The insurance company says the policies it underwrote only cover injuries that were the result of accidents, not injuries that were expected or intended on the part of the diocese. 

"The issue is, did the supervising bishop or supervising personnel know or should have known that the priest or clergyman was abusing children?" says Peter Swisher, a law professor at the University of Richmond (Va.) who has written extensively about liability insurance in the wake of church abuse scandals.

Swisher says across the country, courts have offered varying opinions on whether companies providing liability insurance to churches should have to pay. It's a key question because settlements in these cases can reach into the tens of millions. 

"Let's say the bishop – instead of taking action against the abusing priest – maybe transfers him to a different parish," says Swisher. "The insurance companies would argue that's tantamount to an intentional act."

And liability insurance won't cover intentional acts. In cases where the courts have granted the insurance company declaratory relief, the religious organization is on the hook for its own defense and any damages that may result.

In an email, a spokesman for the Diocese of Kansas City-St.

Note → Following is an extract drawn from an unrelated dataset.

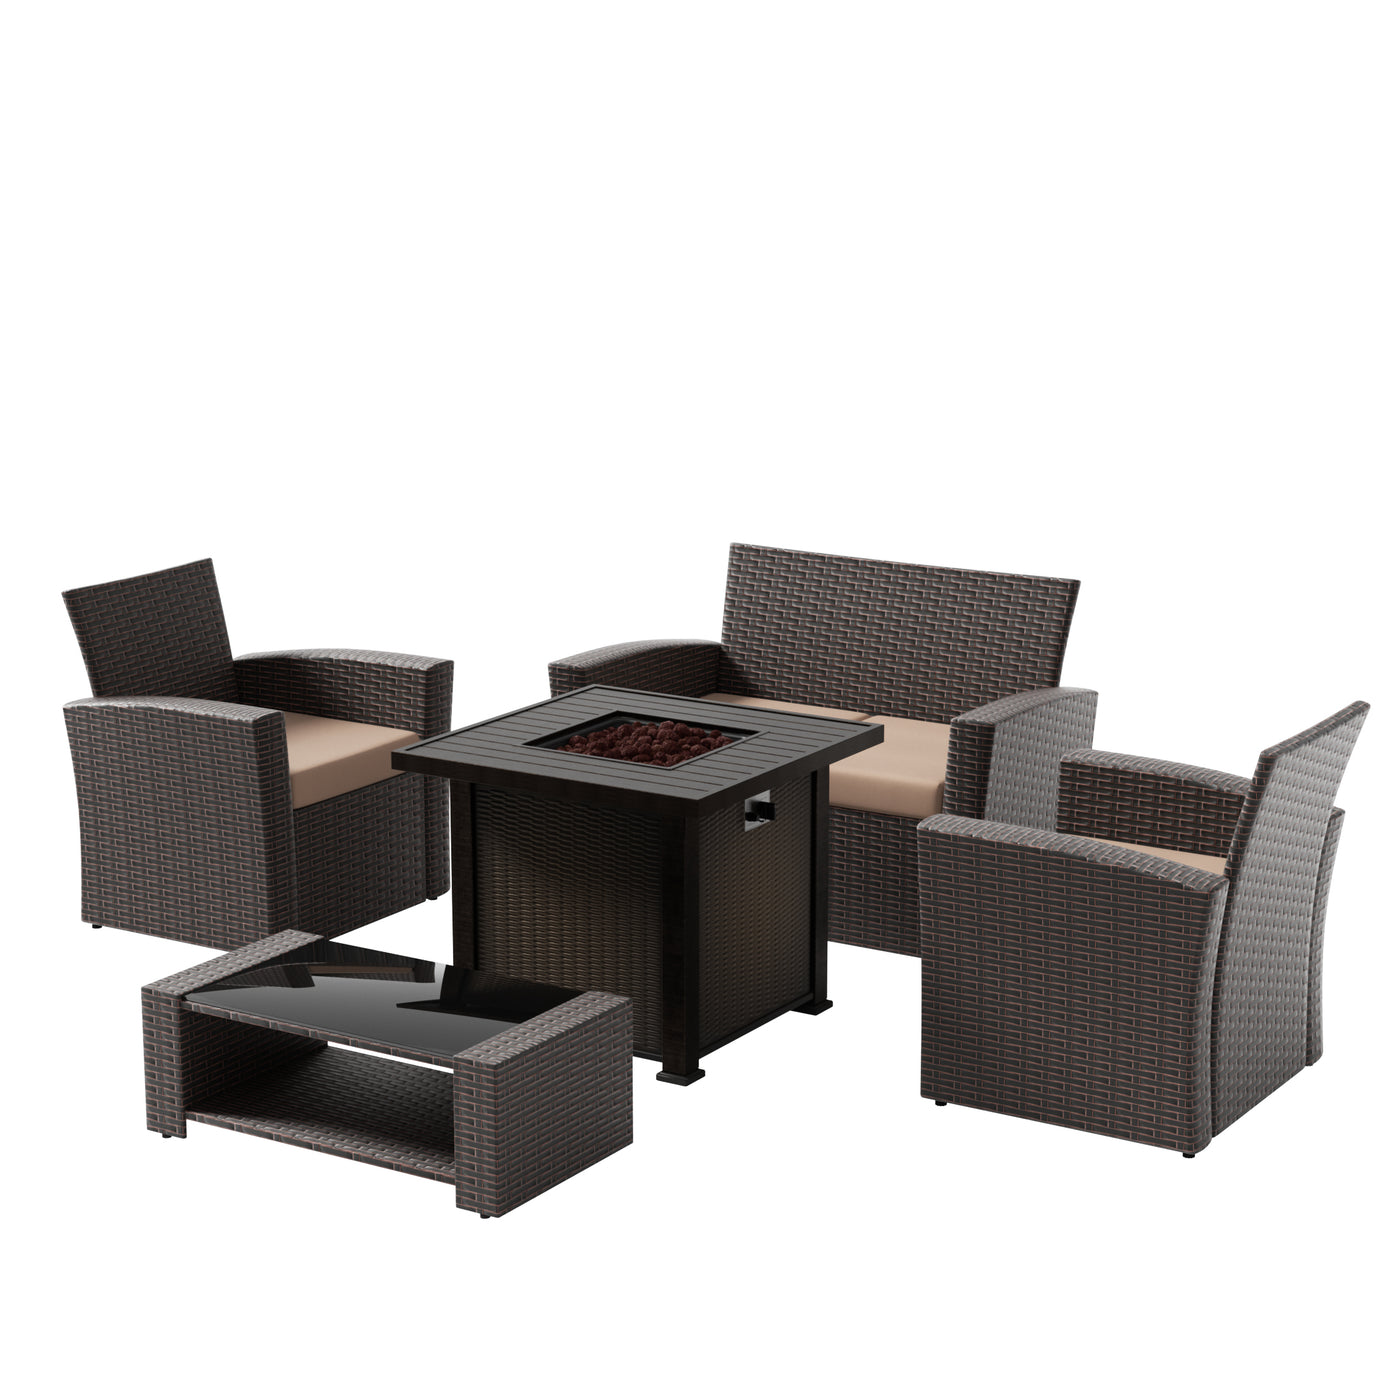 Coastal 4-Piece Chocolate Outdoor Patio Conversation Sofa Set with Square Fire Pit Table

Joseph wrote that the diocese hasn't been served with the lawsuit yet and couldn't comment on it at this time.

Why insurance companies seek declaratory judgments

Even if the insurance company's request for declaratory relief isn't granted, the lawsuit could put a cap on how much U.S. Fidelity and Guaranty – which was bought out by Travelers in the 1990s – would have to pay in a settlement.

"The insurance company may be trying to get a declaration about the amount of money that is at risk and limit their exposure," says Jeffrey Thomas, associate dean at the University of Missouri - Kansas City School of Law. "They're going to try to get out of it entirely, but I don't think that's as likely to happen. They're more likely to limit the amount of their coverage."

The policy the diocese bought in the '70s limits damages to $300,000 per occurrence. Once considered an adequate amount of coverage, it's low by today's standards.

It's possible there are other policies besides the two the insurance company admits to in the suit. Though the diocese alleges it purchased other, excess policies that would up the amount of coverage, neither the church nor the insurance company has been able to prove they exist.